[Data records]
────────────────────
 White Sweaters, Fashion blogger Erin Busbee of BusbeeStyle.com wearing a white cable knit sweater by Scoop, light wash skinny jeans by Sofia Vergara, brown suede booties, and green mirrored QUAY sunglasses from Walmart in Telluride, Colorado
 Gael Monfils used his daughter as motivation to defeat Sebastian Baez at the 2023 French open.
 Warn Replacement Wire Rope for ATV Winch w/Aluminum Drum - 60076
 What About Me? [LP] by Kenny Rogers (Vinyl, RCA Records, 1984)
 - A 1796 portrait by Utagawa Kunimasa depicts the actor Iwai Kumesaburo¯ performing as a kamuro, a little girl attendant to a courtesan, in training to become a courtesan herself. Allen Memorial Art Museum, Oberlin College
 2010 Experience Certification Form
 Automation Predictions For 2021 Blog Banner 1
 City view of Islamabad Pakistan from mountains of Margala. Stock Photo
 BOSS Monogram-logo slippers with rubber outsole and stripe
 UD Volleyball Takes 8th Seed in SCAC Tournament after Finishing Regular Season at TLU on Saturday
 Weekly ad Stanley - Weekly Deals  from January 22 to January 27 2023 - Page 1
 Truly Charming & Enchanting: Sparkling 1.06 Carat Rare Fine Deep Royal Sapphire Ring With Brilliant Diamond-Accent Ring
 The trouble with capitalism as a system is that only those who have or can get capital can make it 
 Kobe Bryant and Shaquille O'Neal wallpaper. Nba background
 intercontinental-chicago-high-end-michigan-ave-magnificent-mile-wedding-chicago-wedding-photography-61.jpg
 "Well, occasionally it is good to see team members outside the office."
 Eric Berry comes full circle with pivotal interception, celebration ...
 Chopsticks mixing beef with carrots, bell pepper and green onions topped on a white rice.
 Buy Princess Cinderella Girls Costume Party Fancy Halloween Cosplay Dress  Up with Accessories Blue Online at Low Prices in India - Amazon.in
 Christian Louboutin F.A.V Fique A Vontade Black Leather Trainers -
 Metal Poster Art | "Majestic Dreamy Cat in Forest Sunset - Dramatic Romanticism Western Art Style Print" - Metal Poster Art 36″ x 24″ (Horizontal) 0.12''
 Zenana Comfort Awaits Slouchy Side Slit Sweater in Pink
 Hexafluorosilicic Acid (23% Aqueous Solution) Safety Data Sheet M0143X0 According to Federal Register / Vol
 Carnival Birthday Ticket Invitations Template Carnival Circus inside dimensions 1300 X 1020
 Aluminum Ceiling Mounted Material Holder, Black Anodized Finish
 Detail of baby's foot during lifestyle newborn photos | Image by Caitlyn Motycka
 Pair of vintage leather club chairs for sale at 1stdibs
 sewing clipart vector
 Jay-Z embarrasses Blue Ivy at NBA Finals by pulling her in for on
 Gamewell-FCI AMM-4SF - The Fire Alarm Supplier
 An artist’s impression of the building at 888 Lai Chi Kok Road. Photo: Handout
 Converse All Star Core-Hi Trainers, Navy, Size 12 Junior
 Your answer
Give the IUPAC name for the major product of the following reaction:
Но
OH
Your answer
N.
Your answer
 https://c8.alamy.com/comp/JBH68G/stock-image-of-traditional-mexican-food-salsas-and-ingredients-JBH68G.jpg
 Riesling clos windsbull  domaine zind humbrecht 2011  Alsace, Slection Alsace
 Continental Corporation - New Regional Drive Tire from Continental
────────────────────
## [EXERCISE]
State how many lines in the records contain the string "Aluminum". Give the number with no words around it.

## [ANSWER FOR THIS EXERCISE]
2